Lopez-controlled First Gen Corporation is prepared to invest $20 billion as it sets its sights on expanding its capacity to 13 gigawatts by 2030, more than four times its existing portfolio of just over 3 gigawatts.
The company’s investments will be spread across geothermal, solar, hydro, and natural gas projects, as well as potential acquisitions and overseas ventures, a top executive told reporters in an interview.
“Our goal is 13 gigawatts by 2030. Right now, we are at three-something.
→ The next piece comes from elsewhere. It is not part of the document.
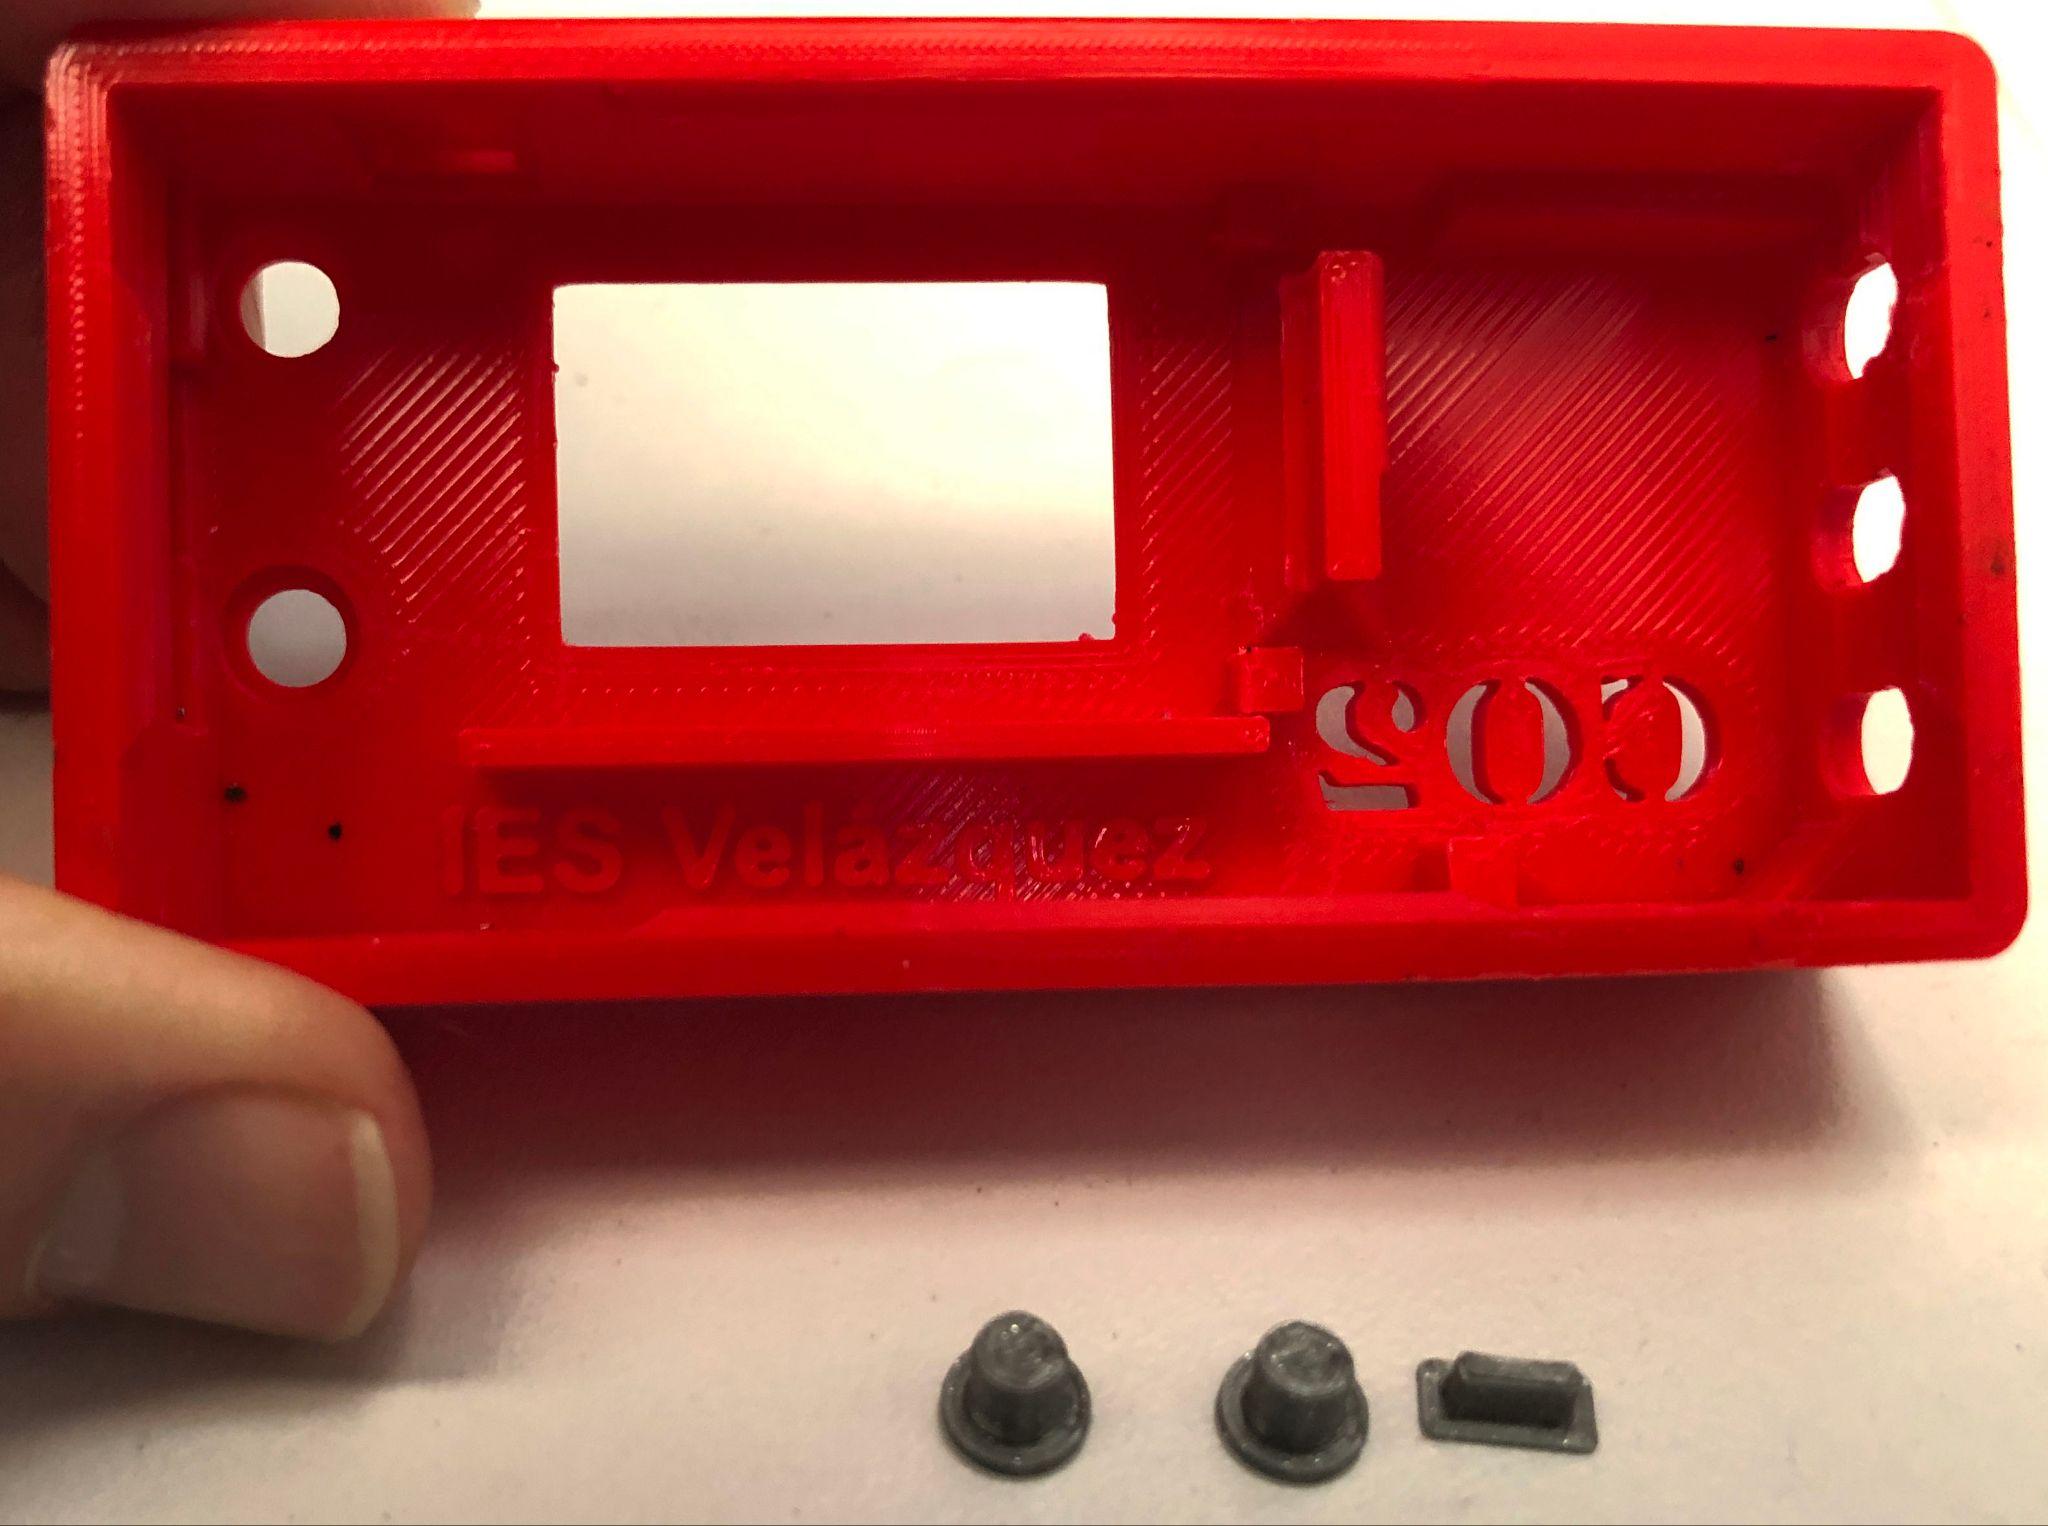 Construcción sensor CO2. Impresión aditiva 3D. Parte II

It’s all 13 gigawatts,” Francis Giles B. Puno, President and Chief Operating Officer, said.
Puno admitted that the path forward will not be easy, noting that renewable energy projects take time to develop.
Still, he emphasized that the roadmap reflects both growth opportunities and that FGEN intends to protect its market share in the power sector.
Currently, the company operates 500 megawatts to 600 megawatts of geothermal capacity, with expansion plans both locally and overseas.
In Mindanao, FGEN is preparing to drill at its Amakan greenfield geothermal site in Davao de Oro, which could produce 70 to 100 MW.
“Hopefully, we will start drilling in Amakan by next month or so. The nice thing about it is it’s a greenfield geothermal. It’s not an expansion,” Puno said, while stressing the importance of government support to reduce the risks tied to high upfront costs in geothermal ventures.
In addition, FGEN is developing modular solar projects of around 50 MW each and pursuing hydro expansions.
On FGEN’s gas venture, its planned 1,200-MW Santa Maria plant is expected to deliver about 10 percent of the 2030 capacity target.